It's the future of sailing in larger boats for many people, I think...Along with chartering, of course... So are services like Dockwise, shipping a cruising boat across oceans instead of dealing with all that bother of sailing them...

Hmmm, perhaps a new magazine is in the offing?

KROOZING LITE WORLD?


----------



## PCP (Dec 1, 2004)

WDSchock said:


> Sailing will never grow unless we encourage and foster skippers who are women and minorities.
> 
> As long as sailing is essentially a white guy's activity - it will not grow.
> 
> When non-sailing women are on board - how many of you give them the tiller for extended periods of time ?


Look at this movie made in Switzerland where sailing seems not to be losing much popularity even if they don't have a sea.

Look at those nice kids, boys and girls and the fun they all seem to share....that is also ours:






Regards

Paulo


----------



## Yamsailor (Jun 7, 2006)

Chris King said:


> I think marketing has something to do with the trends as well. It looks to me like the majority of the boats being marketed have gotten bigger and bigger over the last few decades. I suspect that the manufacturers have been targeting baby boomers. Retired couples or folks headed that way. It makes sense. That is where the money is.
> 
> There does seem to be a new trend emerging in high end day sailors. Boats like the Alerion. I like this trend but all these boats seem really expensive. It will be nice when these boats have been around long enough to show up on the used market at reasonable prices.

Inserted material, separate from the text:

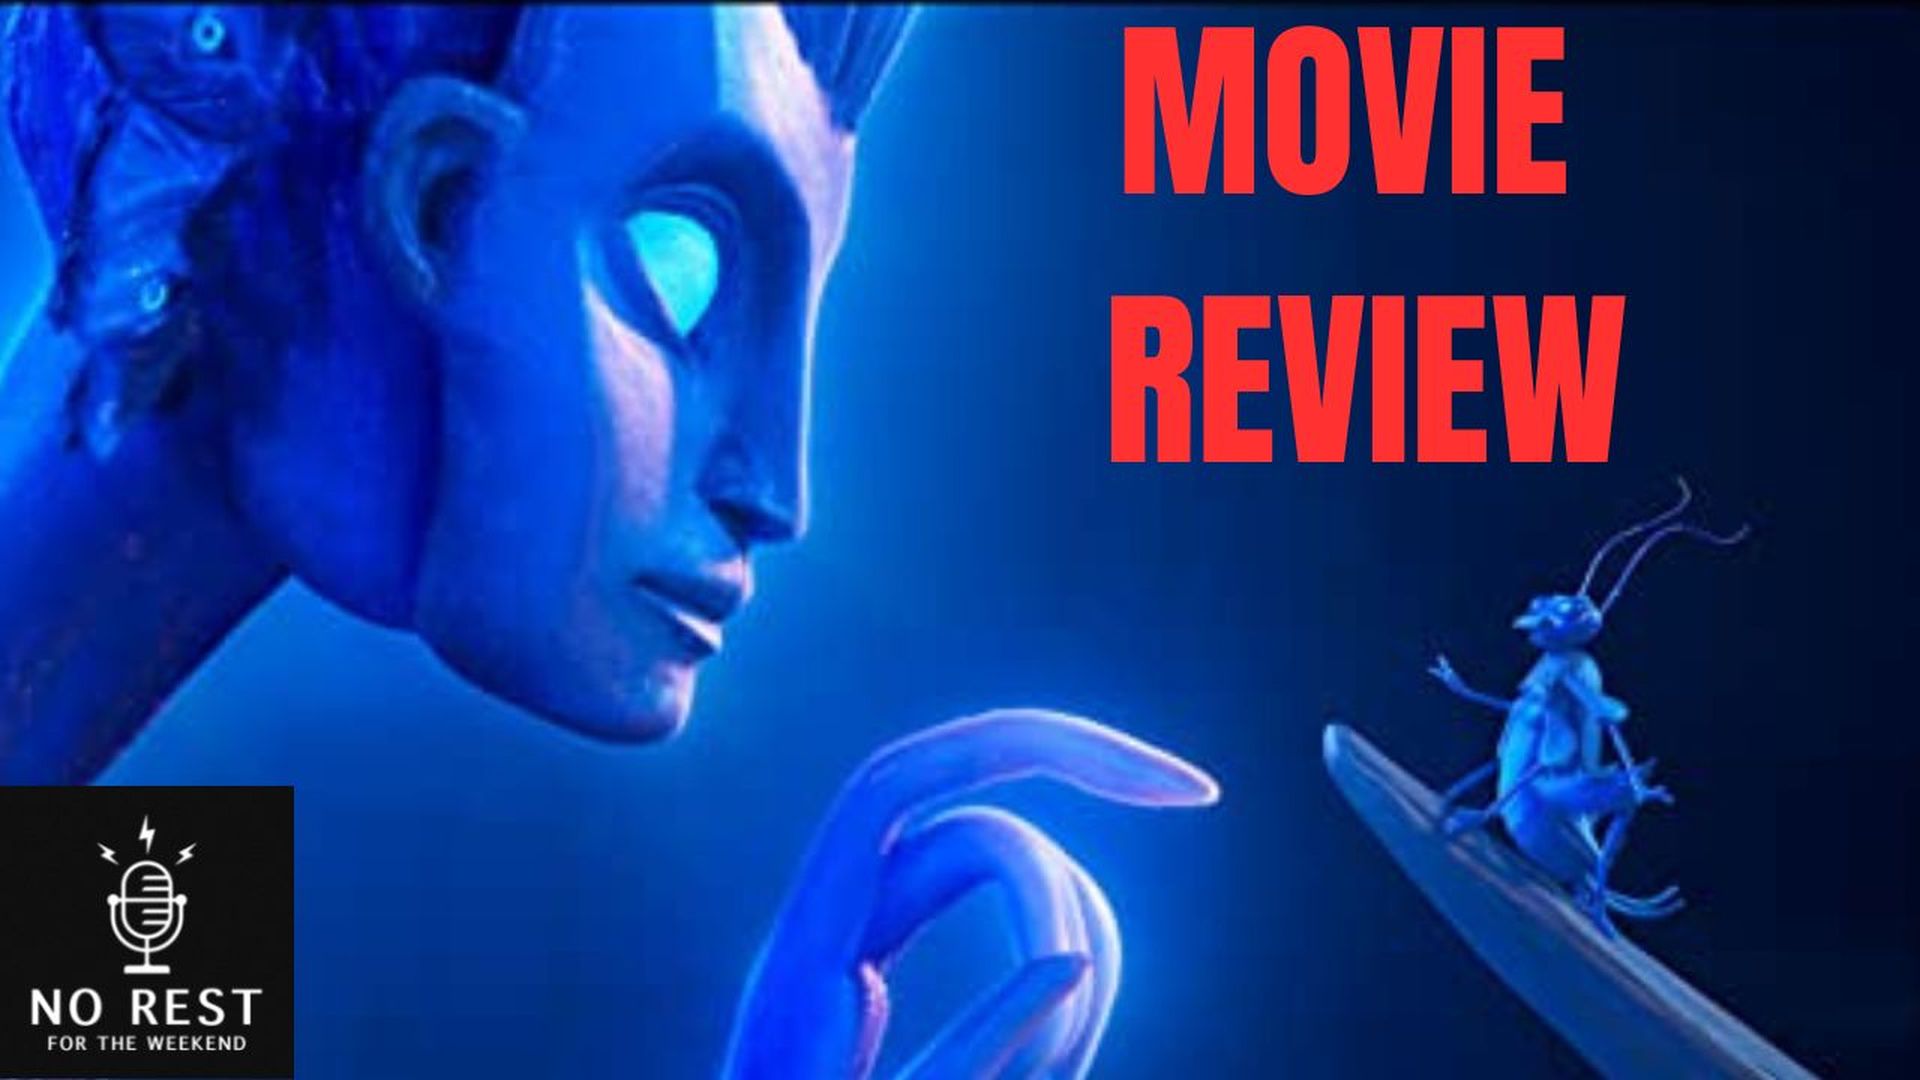 Movie Review: Guillermo Del Toro's Pinocchio

The manufacturerers are thinking short term--the future markert is oging to be with the under 45 crowd.


----------



## PCP (Dec 1, 2004)

Regarding Europe and the decline of sailing, more specifically cruising, I don't think there is a decline. This year I sailed on the Balearic Islands and I had not sailed there on the last 5 years. I sailed on Majorca and Minorca and found them CROWDED with much more boats than five years ago to the point of being difficult to find place on a cove to anchor for the night and those Islands have an incredibly number of coves.

I found information that corroborates this impression of growth. The crisis affected sales but things are on track again with increases in sales. I am quite sure that today there are a lot more boats in the water than 10 years ago and a lot more people sailing even if the biggest growth seems to be on the motor boat side. Things are just improving in what regards sailing popularity.

*Germany:*

... *"We now have strong growth, giving a boost to the whole of our industry, for an upbeat start to hanseboot," says a delighted Claus-Ehlert Meyer, Managing Director of the DBSV.

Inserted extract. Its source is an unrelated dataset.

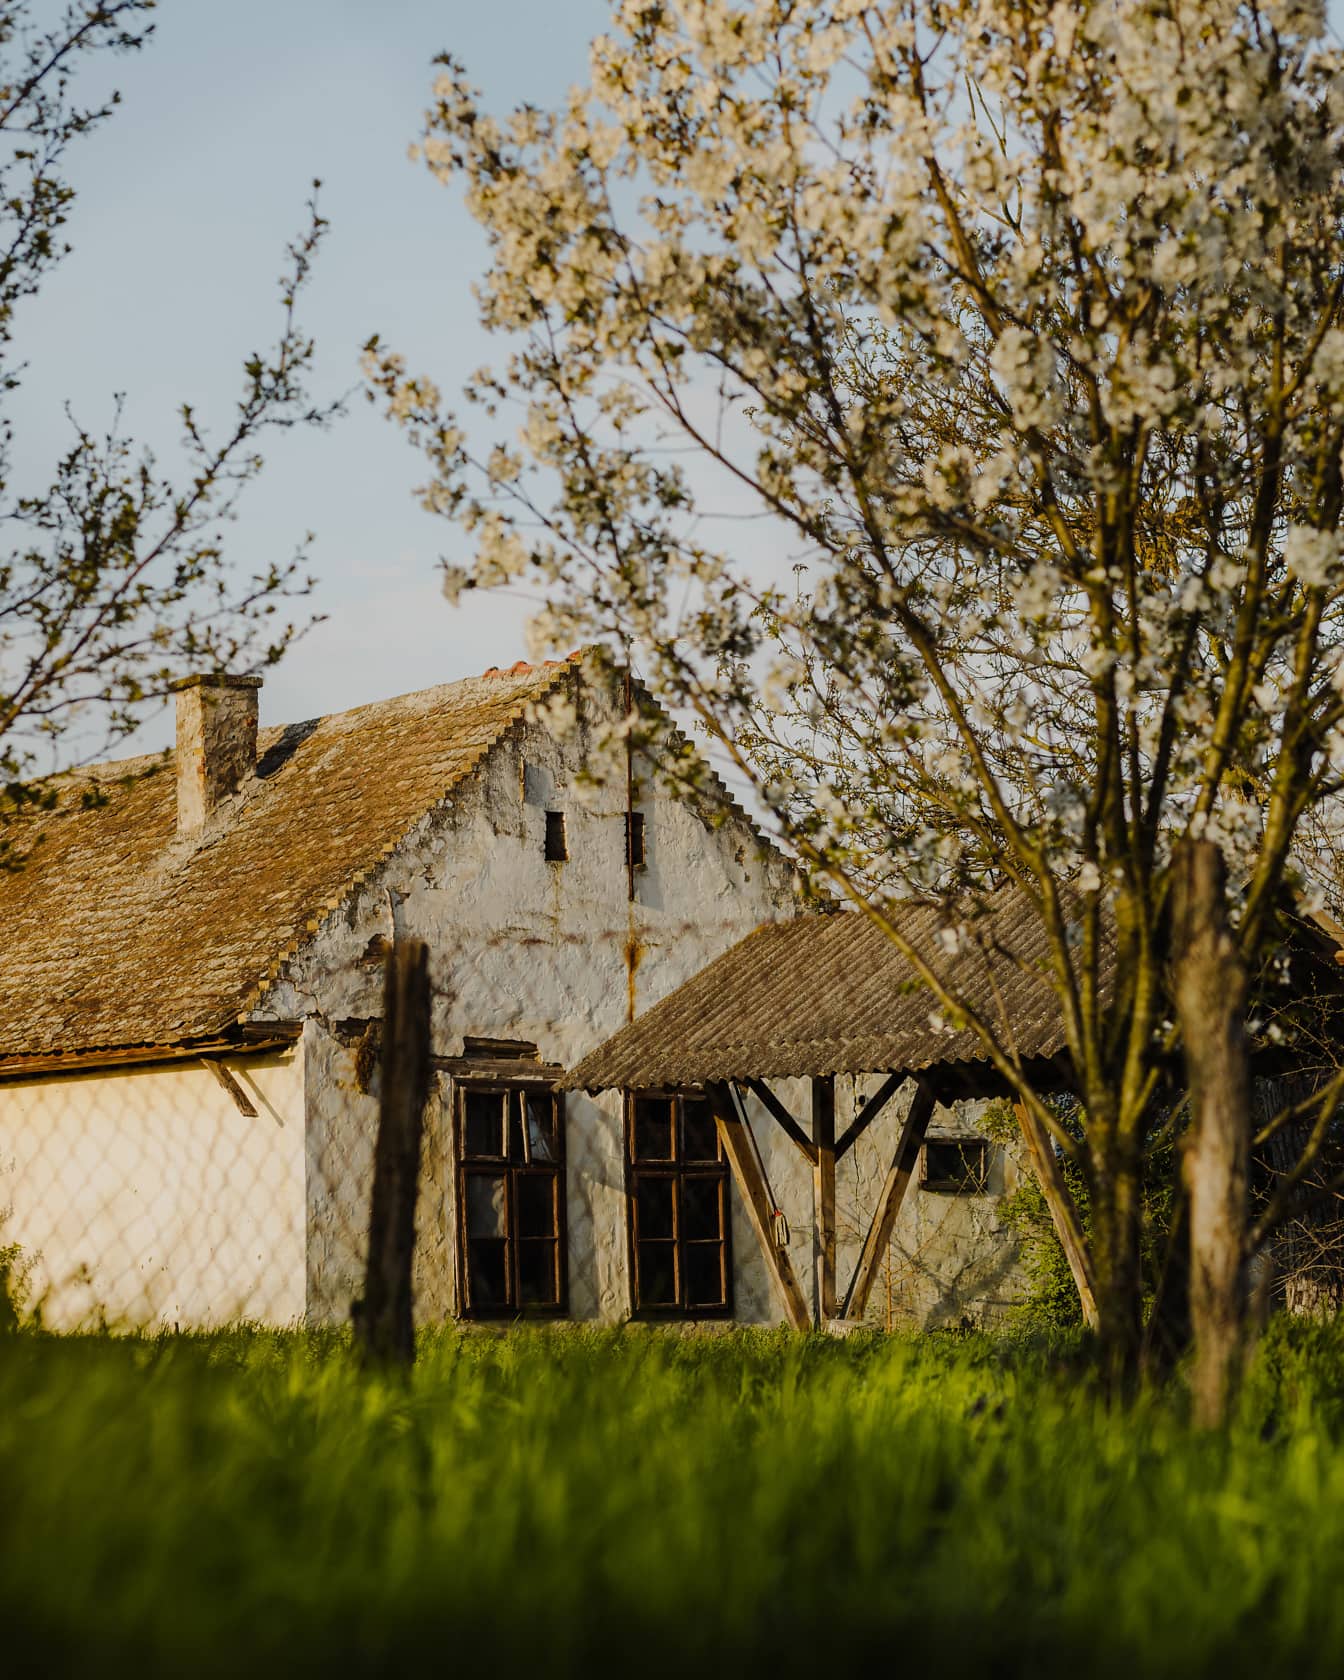 Ρουστίκ αγροικία χωριού στην ύπαιθρο με χορτώδη αυλή

The DBSV has compiled the latest figures of the Federal Statistics Office in a market report for the period from June 2009 to June 2010. The rise in imports of more than 22% year-on-year .. According to the DBSV, nearly 8,800 motor boats and sailing boats were imported, with a total value of just over EUR 100 million. ..

The trend is likewise up in exports of boats and yachts. A total of 7,830 boats and yachts worth EUR 367 million were sold abroad in the period under review. There was a spectacular increase in the value of the large motor yachts (more than 12 metres). ..

The largest value increase in sailing yachts was in the export of boats in the 7.5 to 12 metre class, of which 48% more were sold year-on-year. The value of sales in this category was up by more than 29% to about EUR 47 million.

"Even if the numbers are still a long way short of those of 2006/2007, when export sales totalled about one billion euros, optimism is back in the boat building industry," said DBSV Managing Director Claus-Ehlert Meyer.*

Strong yachting industry growth for Germany - Luxury Yacht Charter & Superyacht News

*France:*

*During the 2010-11 season, which is coming to an end, the BENETEAU Group has once again achieved strong growth of around 20% for its Boat division in a global market that has picked up slightly. This performance, following on from the previous year's growth of around 16%, has been achieved thanks to the Group successfully capitalizing on its assets and talents.*

Beneteau Group show strong growth during the 2010-11 season - Luxury Yacht Charter & Superyacht News

Boats like RM or Pogo have all their production sold for more than a year and brands like Salona have been experiencing a fast growth, not to mention the big names that have been experiencing growth after a sharp decline with the crisis.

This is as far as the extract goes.